In Python, the system is called Docstrings. It consists of strings using triple quotes, that effectively acts as a multi-line comment. Here's an example of a Python function documented with a Dosctring using the official reStructuredText (Sphinx) format:

def hello(name):
  """Greet a person.
  
  Give a customised "Hello" greeting for the input name.
  
  :param name: A string containing the name of the person to greet.
  :return: A greeting string.
  """
  return("Hello " + name)

The Docstring will be automatically printed when you run help(hello), and will be converted into a nice webpage using tools such as Sphinx.

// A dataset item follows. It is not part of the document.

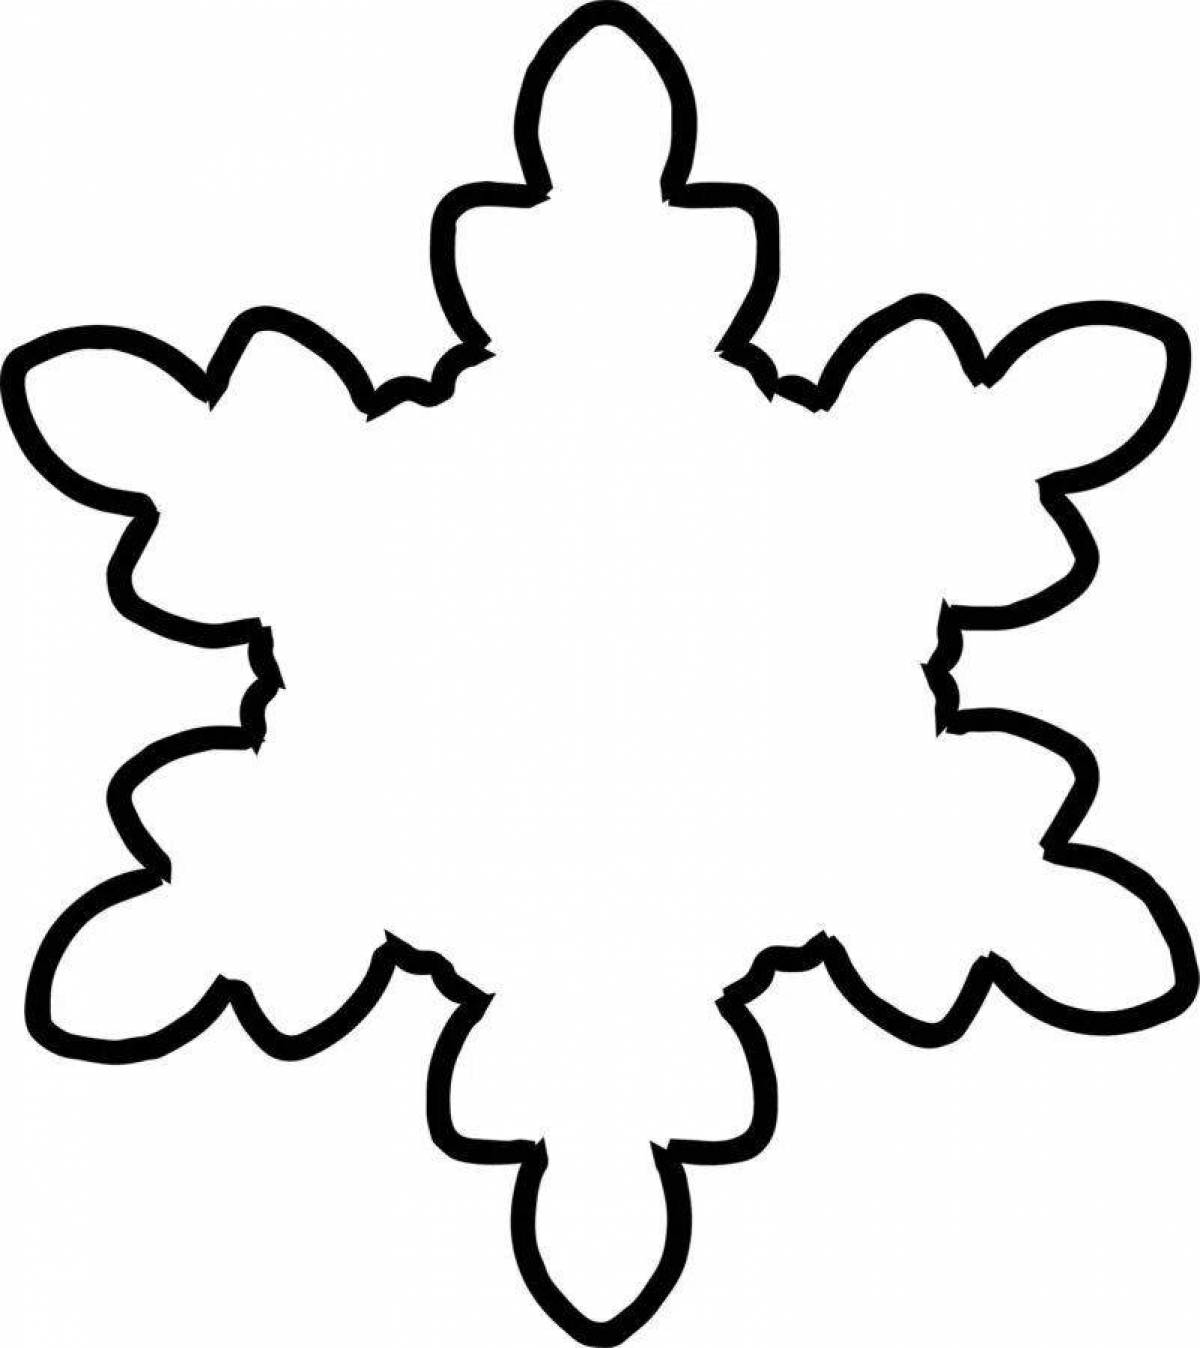 Playful snowflake coloring page for kids

In R, the system is called roxygen2 and is provided by the roxygen2 package. Here's an equivalent example in R, using roxygen2:

#' Greet a person
#' 
#' Give a customised "Hello" greeting for the input name.
#' 
#' @param name A string containing the name of the person to greet.
#' @returns A greeting string.
hello <- function(name) {
  return(paste("Hello", name))
}

The roxygen2 package was created to make it easier to write documentation in R, so that documentation does not have to be separate from the code. The roxygenize() function generates the documentation files from the comments automatically, and then the documentation appears when running ?hello in our example.

Summary

Increasing your scripting/programming efficiency goes through adopting good scripting habits. Following the guidelines above will ensure that your work:

  • Can be understood and used by others.
  • Can be understood and reused by you in the future.
  • Can be debugged with minimal effort.
  • Can be re-used across different projects.
  • Is easily accessible by others.

The summary of good practice guidelines below is not exhaustive, but already constitutes a good basis that will help you getting more efficient now and in the future when working on scripting projects:

  • Comment your code.
  • Write functions for code you need more than once:
  • Document your functions.
  • Keep consistent style.
  • Make your own packages, or at least keep a similar directory structure across your projects.
  • Use version control to develop/maintain your projects and packages.